◆ Records supplied:
——

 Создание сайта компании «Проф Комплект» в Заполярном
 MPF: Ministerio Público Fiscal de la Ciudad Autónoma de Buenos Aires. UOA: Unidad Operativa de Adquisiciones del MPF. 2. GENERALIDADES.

——

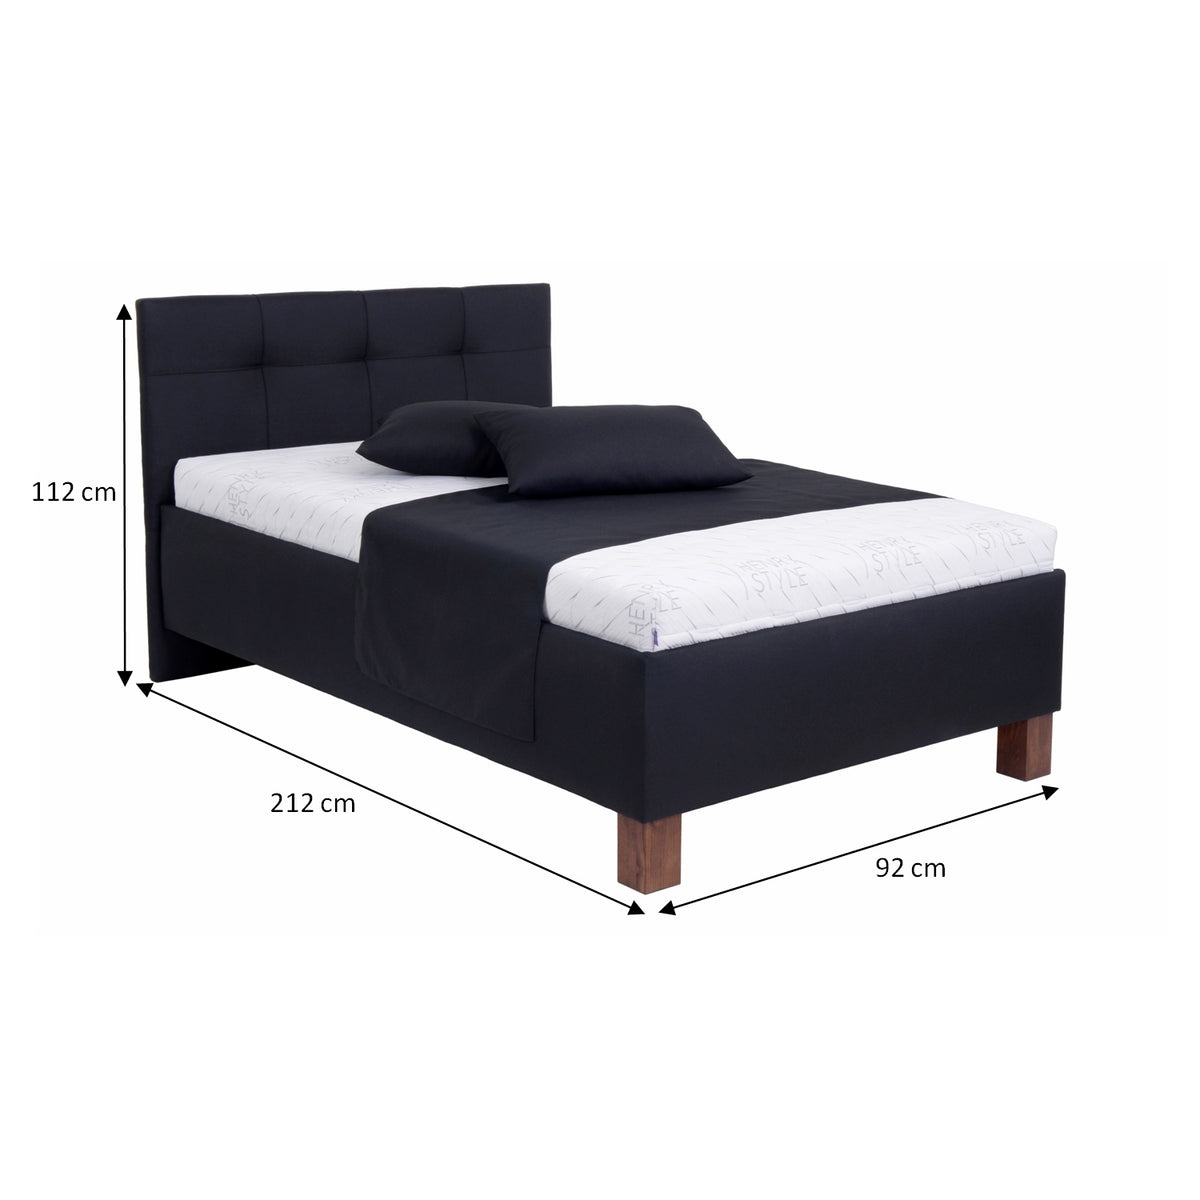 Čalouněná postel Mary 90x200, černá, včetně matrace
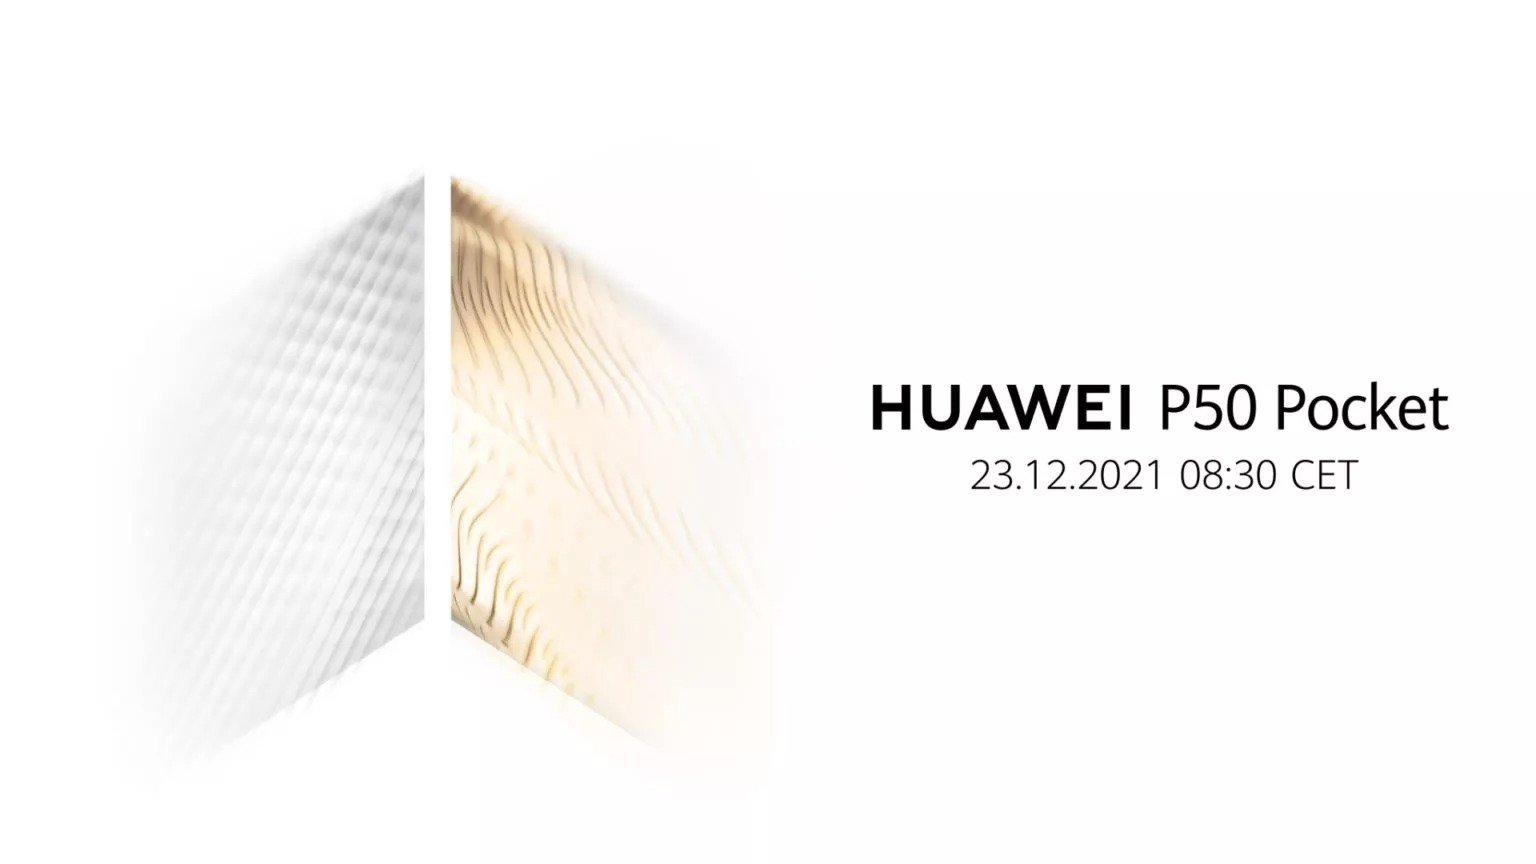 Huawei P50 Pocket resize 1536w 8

——

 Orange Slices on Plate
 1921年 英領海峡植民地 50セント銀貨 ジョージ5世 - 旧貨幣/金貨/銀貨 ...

——

◆ Your assignment: Going back to the entries above, set down exactly the lines that begin at the one with "Создание сайта компании" and end at the one with "MPF: Ministerio Público", both included, and nothing else.

◆ Written answer:
 Создание сайта компании «Проф Комплект» в Заполярном
 MPF: Ministerio Público Fiscal de la Ciudad Autónoma de Buenos Aires. UOA: Unidad Operativa de Adquisiciones del MPF. 2. GENERALIDADES.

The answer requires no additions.